薄文泽(2002)认为海南文昌话亲属称谓系统体现出来的语义关系恰好是汉
语和临高语有关语义特征——“叠加”——相互影响的结果。
马清华(2003)认为“附加成分叠加”是子句内部多次使用功能相同、相关或相反的附加范畴(情态、指称)标记,以作用于同一意义焦点的现象。在此定义之下,马清华集中探讨了强程度标记叠加的基本类型和叠加规则,并在此分析之上发现叠加是一种弱势的有限扩展规则。至于是否采用叠加方式,一直是在经济性、准确性、有效性和句法可行性之间权衡作出的。
聂功斌(2003)认为“叠加”是一种被忽略的修辞格,该修辞格就是说话者为加强语言表达的程度,在一个意义上加强与之方向相同的意义以浮现更大的意义强度。这种修辞手法的运用使我们的语言更加多彩丰富。比如“盲人骑瞎马,夜半临深池”,“盲人、瞎马、夜半、深池”四层意义叠加在一起使所要表达的意义更加突出,极言情境之危险。
刘志生(2005)从近代汉语词汇学角度研究了“叠加式词语模”,该词语模是这样一种固定模式:从结构上看,整个模式由前后两部分相叠构成,前件和后件也各由两部分组成,一是不变的固定词部分A,一是可变的变项部分X或Y;从音节上看,它们都呈四音节形式,由前后两个双音模块叠加而成,构成“2+2”模式,比如“XA+YA”形式和“AX+AY”形式。
于峻嵘(2006)从训诂学角度探讨了表示“遍指”的“名词叠加”,比如“人人”及相关的“日日”的意义结构问题,提出名词只在数量的有限程度上具有可叠加性,而名词叠加构式也承载了“全指表达”的意义。
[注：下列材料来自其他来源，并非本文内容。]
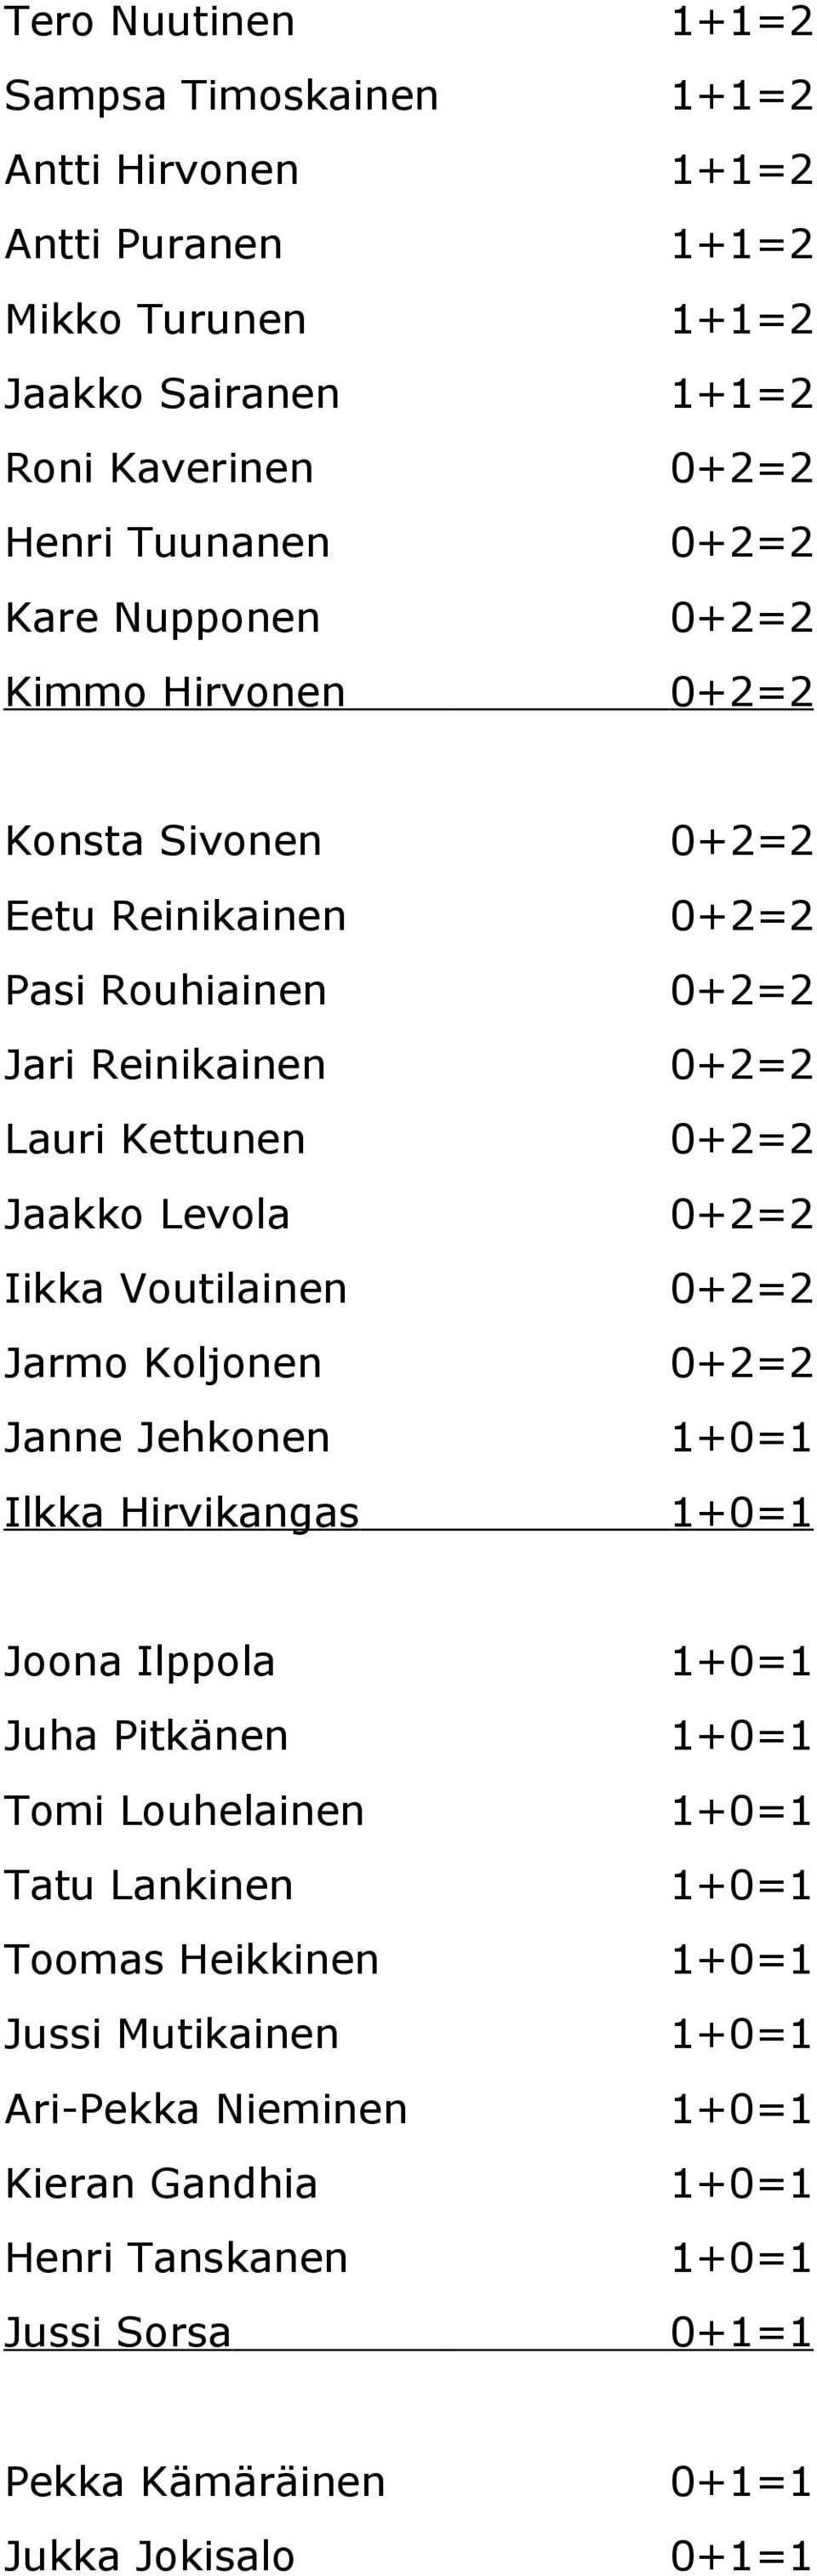 Iikka Voutilainen 0+2=2 Jarmo Koljonen 0+2=2 Janne Jehkonen 1+0=1 Ilkka Hirvikangas 1+0=1 Joona Ilppola 1+0=1 Juha Pitkänen 1+0=1 Tomi Louhelainen 1+0=1 Tatu Lankinen 1+0=1

王淼(2007)分析了汉语中两种常见的动词“叠加”格式“一边VP1一边VP2”和“又VP1又VP2”两者在语义关系、语义特征、格式义三方面的明显区别。
石锓(2007)从汉语史角度梳理了汉语形容词“AABB”形式从叠加式到重叠式的历时演变。石锓认为“叠加”是一种形成句法结构的句法操作手段,其前后两部分是句法上的并列关系。唐宋时,重叠式“AABB”在叠加式“AABB”的基础上演变而成,其机制是重新分析与类推。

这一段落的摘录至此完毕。